*** Opening of Records to process ***

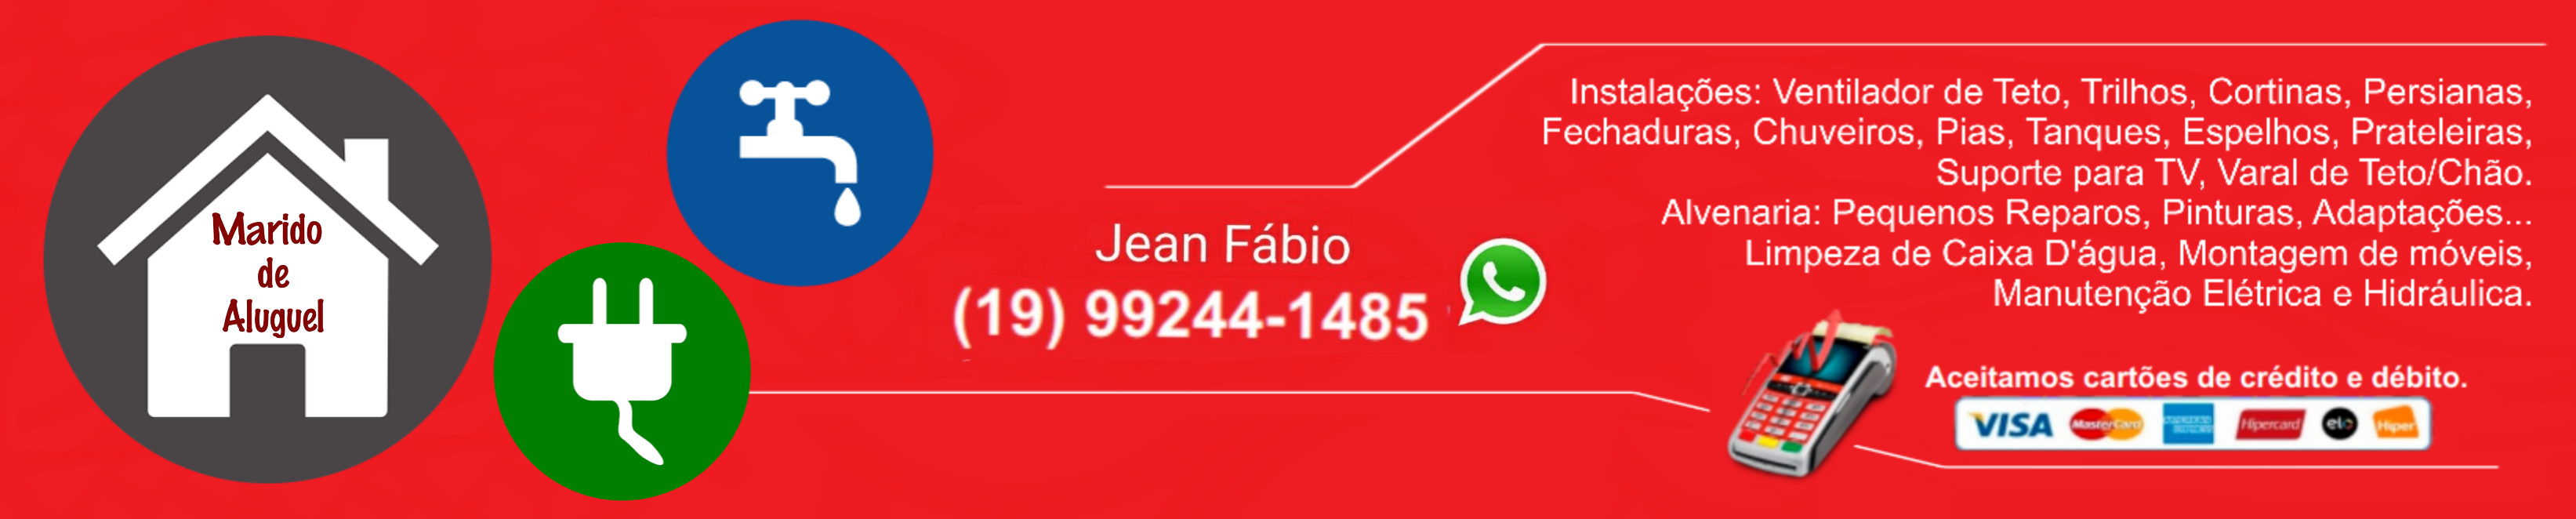 Jean Fabio - Marido de Aluguel em Americana SP e região - JFMA
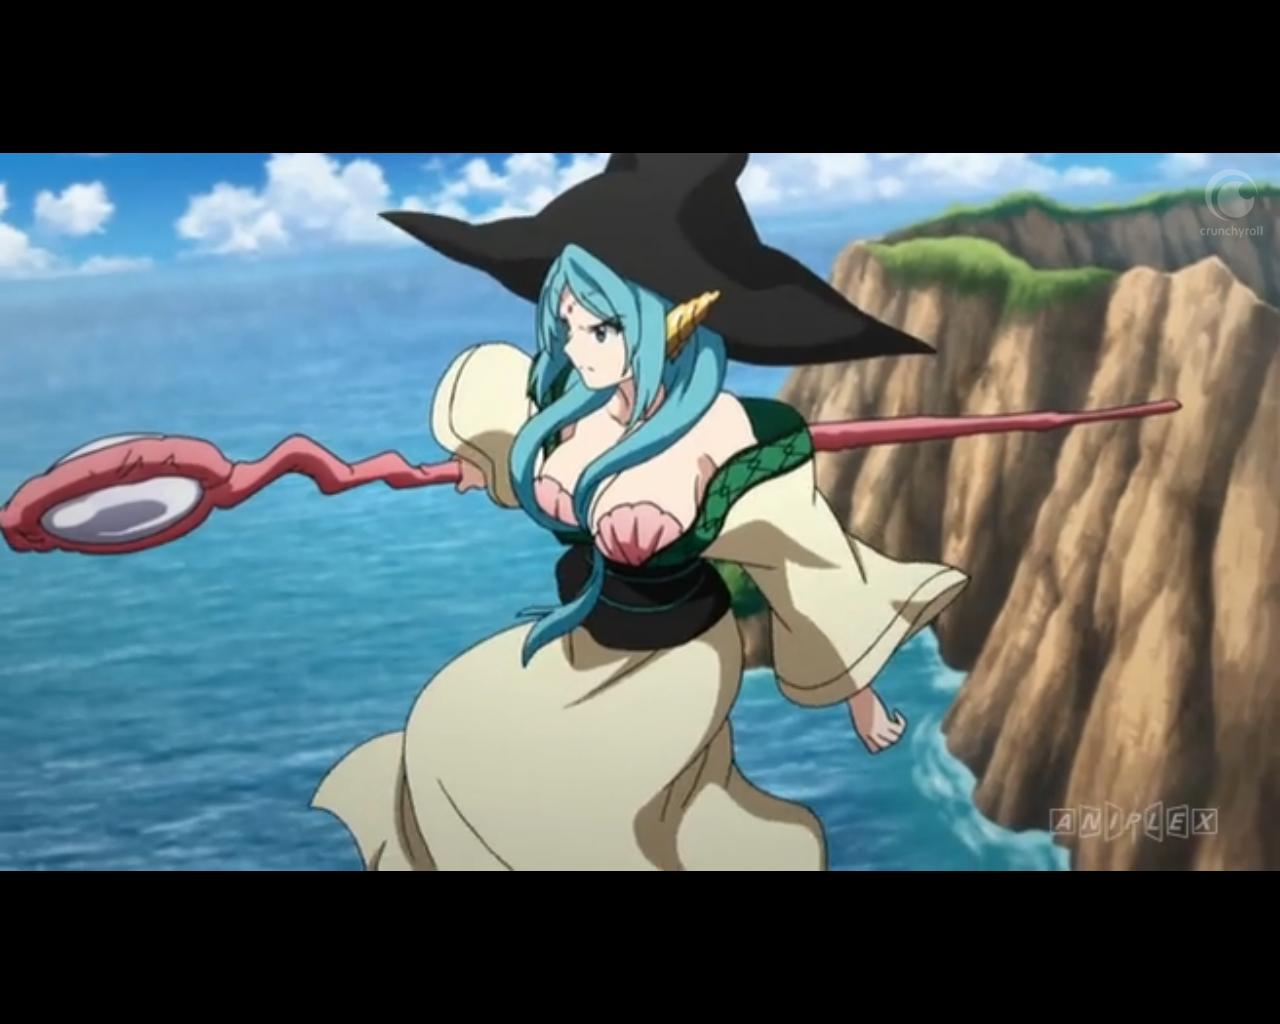 картинки аниме маги:
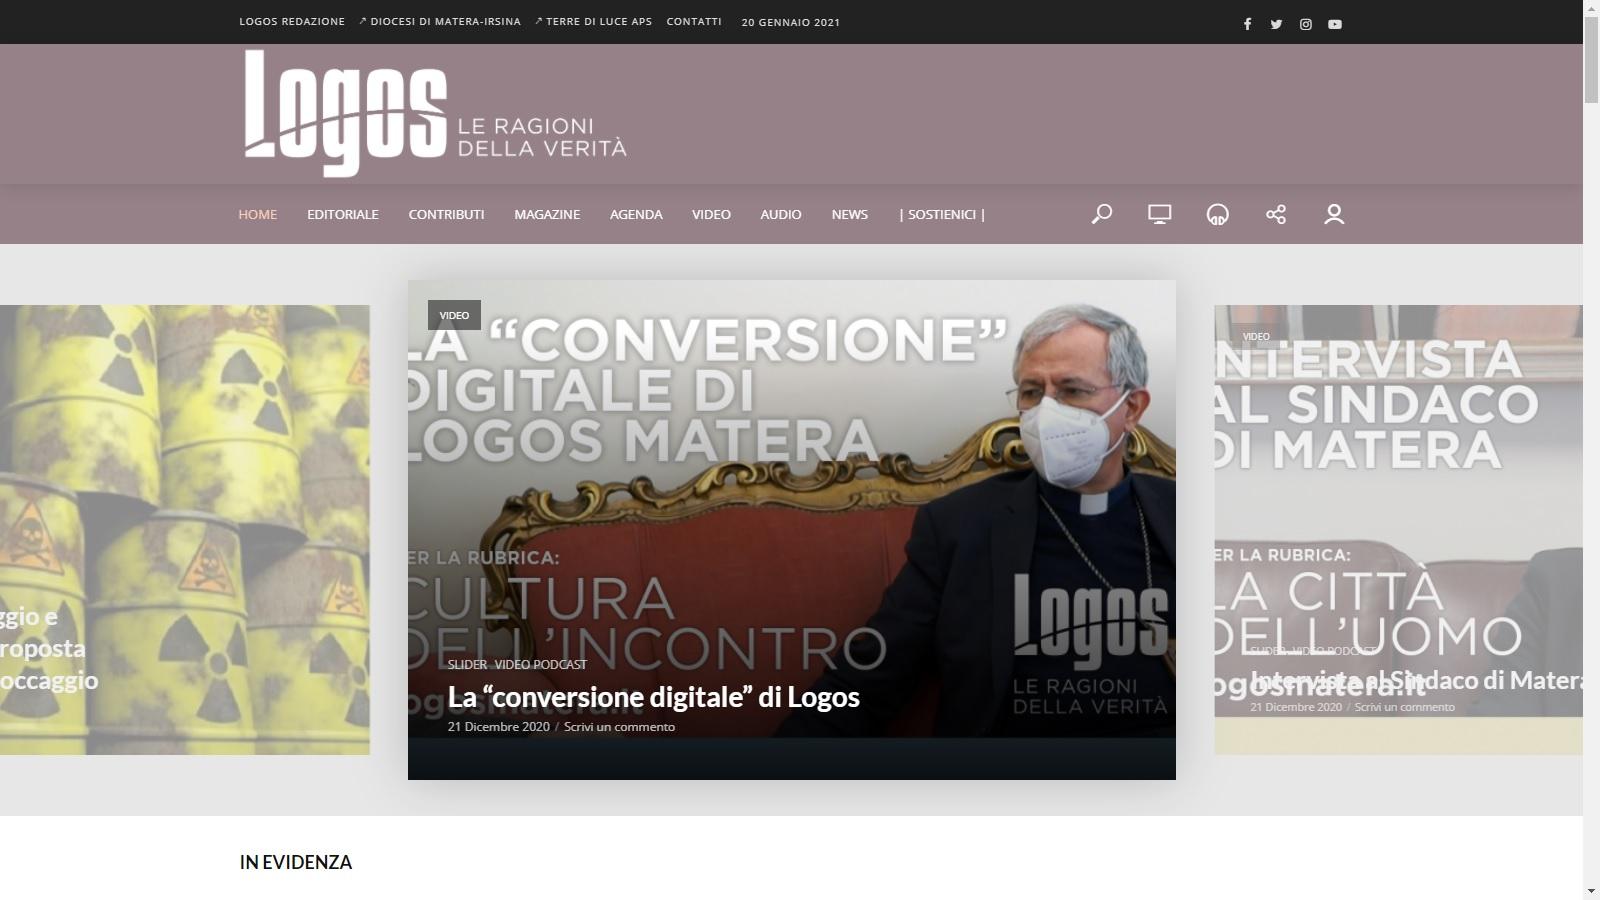 lunedi-25-gennaio-alle-ore-10,-presso-l'episcopio-in-piazza-duomo-a-matera-la-presentazione-del-nuovo-giornale-diocesano-logos
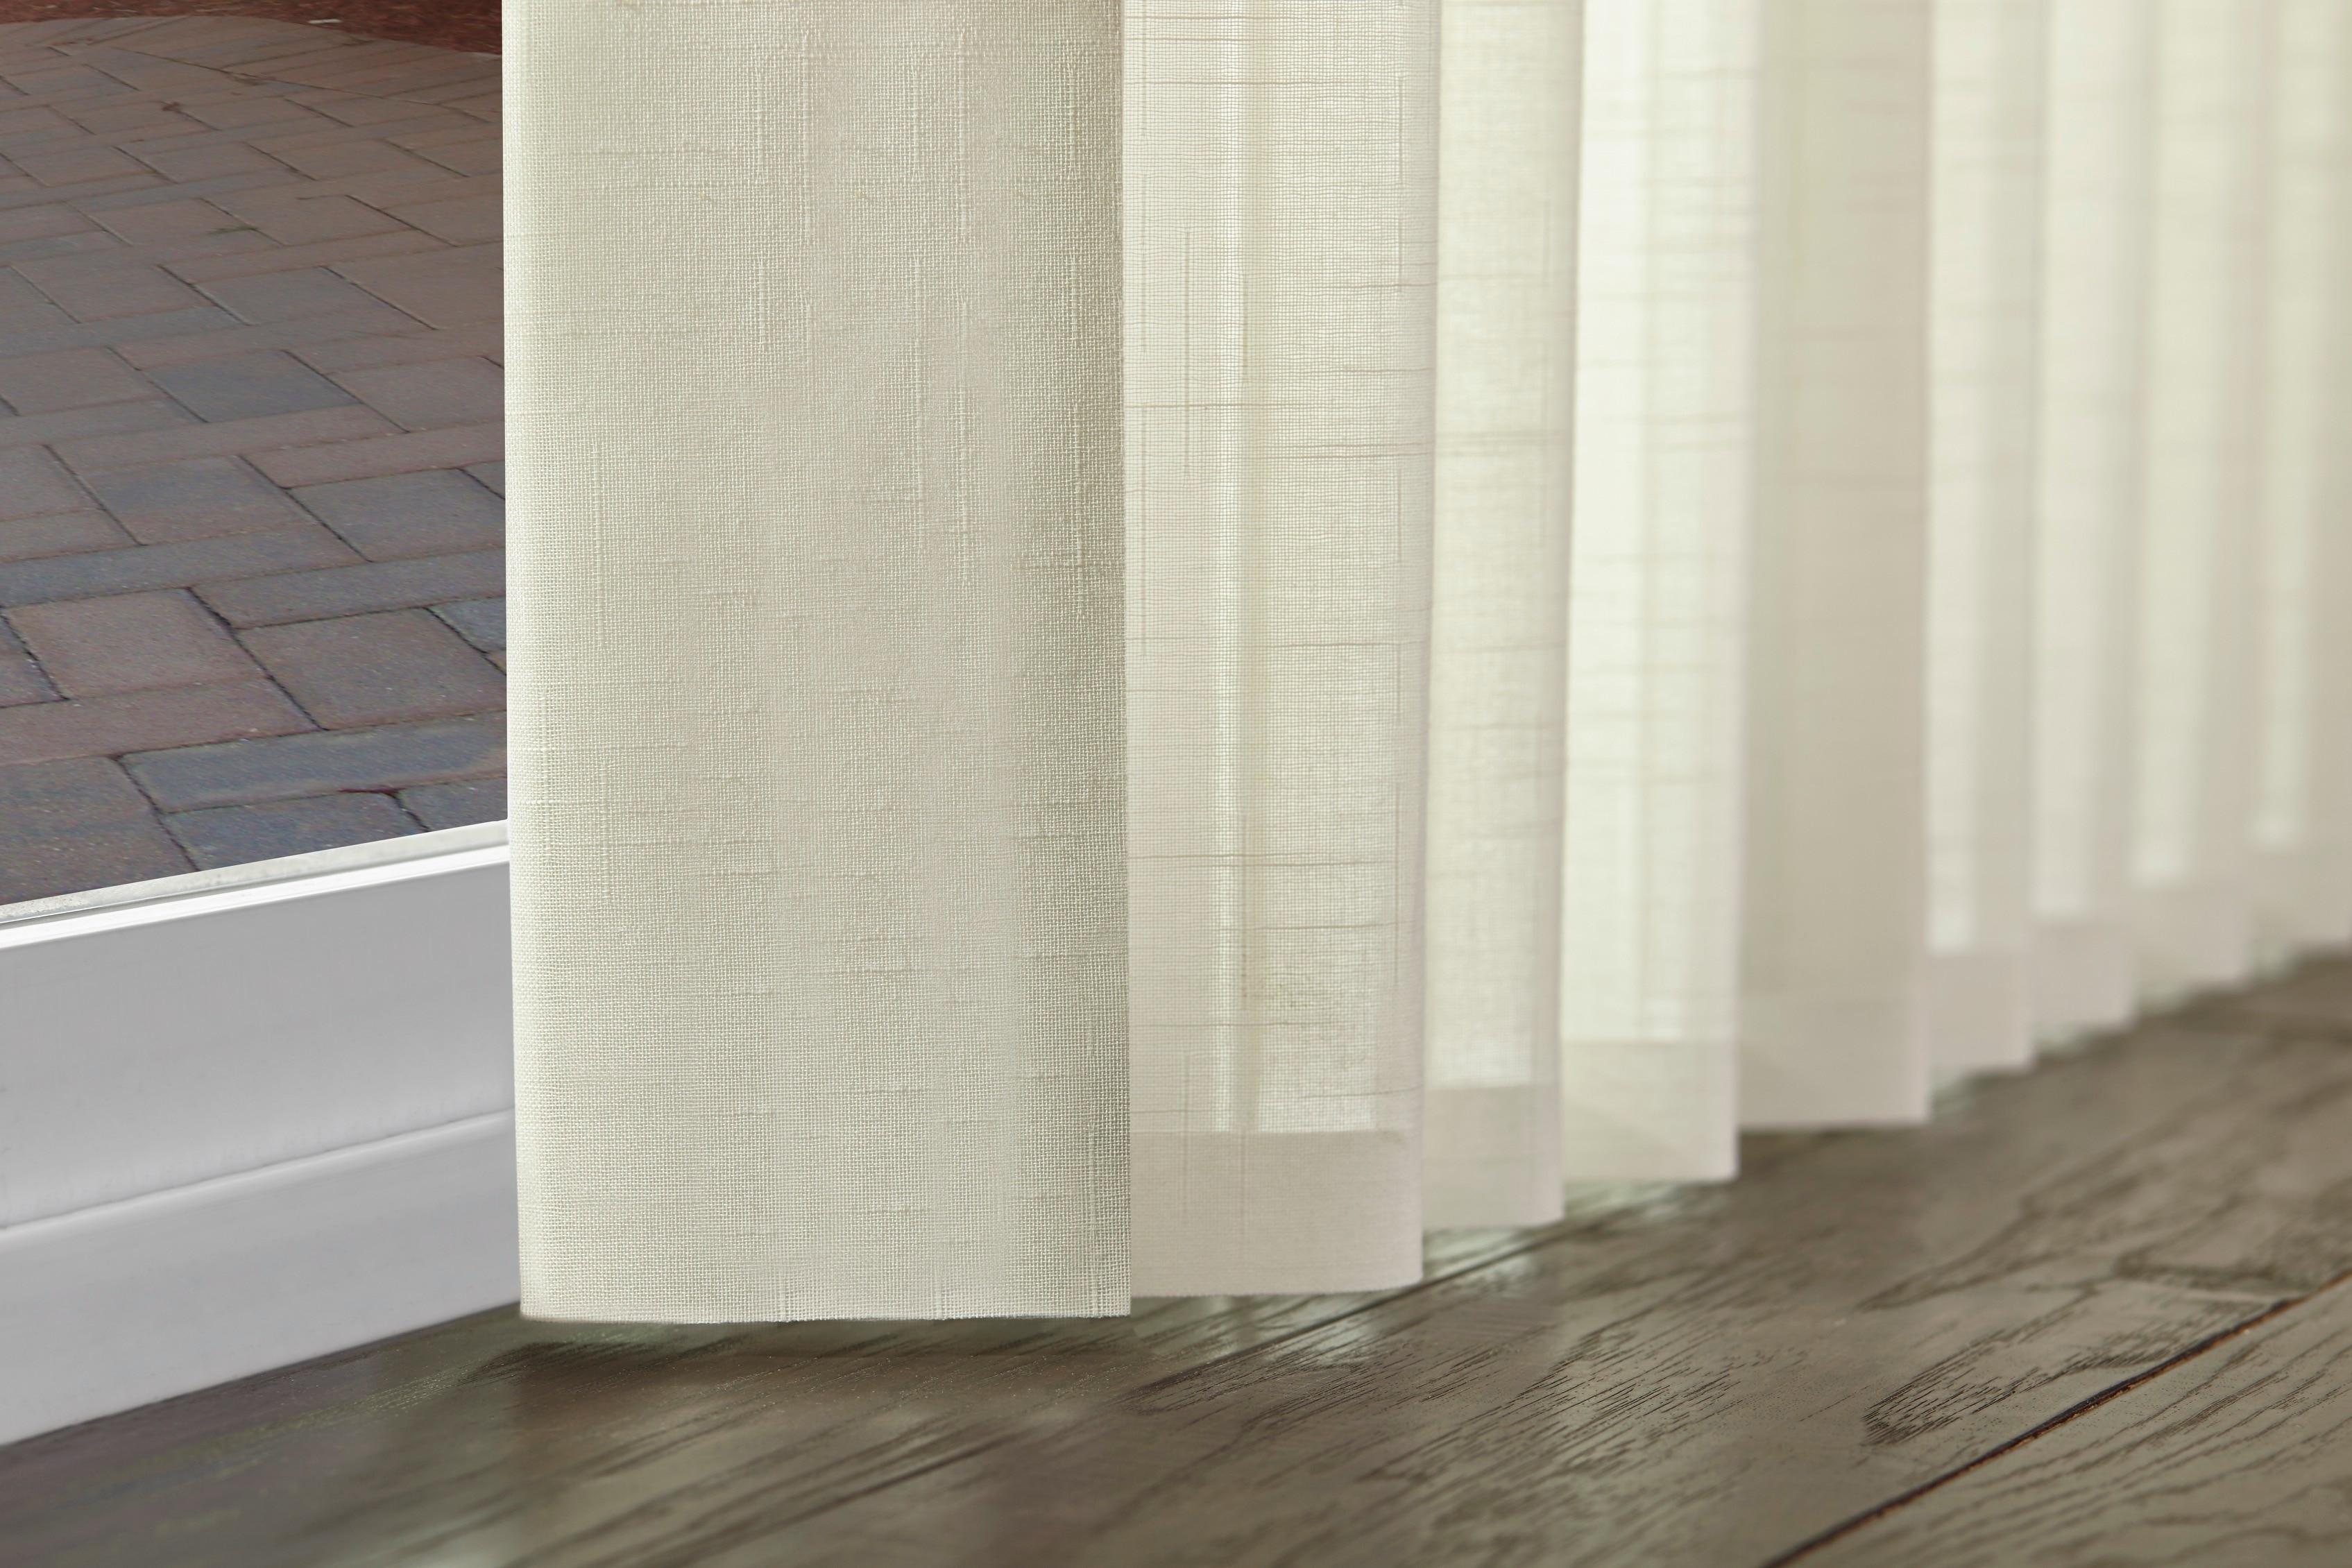 100 Levolor Panel Track Blinds Home Depot Patio Blinds Home Design Stunning Vertical Blinds
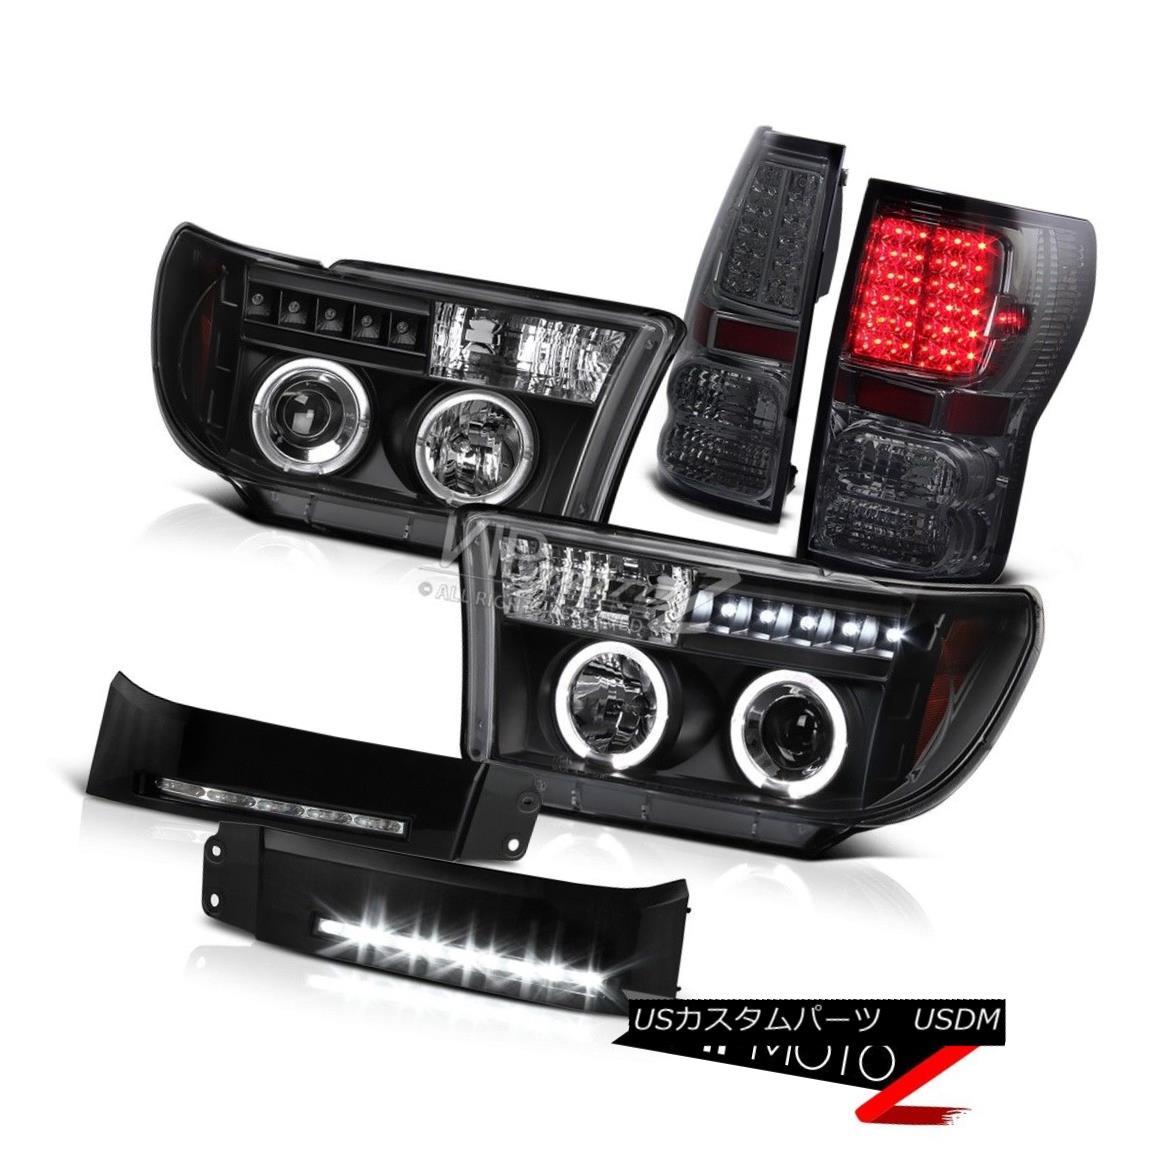 ヘッドライト 07-13 Tundra PickUp Truck Black Smoke Tail Light Halo Headlight Fog DRL Lights 07-13トンドラピックアップトラックブラックスモークテールライトハローヘッドライトフォグDRLライト

*** Close of Records to process ***

### [Task details]
Each line from the one containing "100 Levolor Panel" through the last line above should be retyped exactly, and no other line. Any picture is to be left out.

### [Answer to this task]
 100 Levolor Panel Track Blinds Home Depot Patio Blinds Home Design Stunning Vertical Blinds
 ヘッドライト 07-13 Tundra PickUp Truck Black Smoke Tail Light Halo Headlight Fog DRL Lights 07-13トンドラピックアップトラックブラックスモークテールライトハローヘッドライトフォグDRLライト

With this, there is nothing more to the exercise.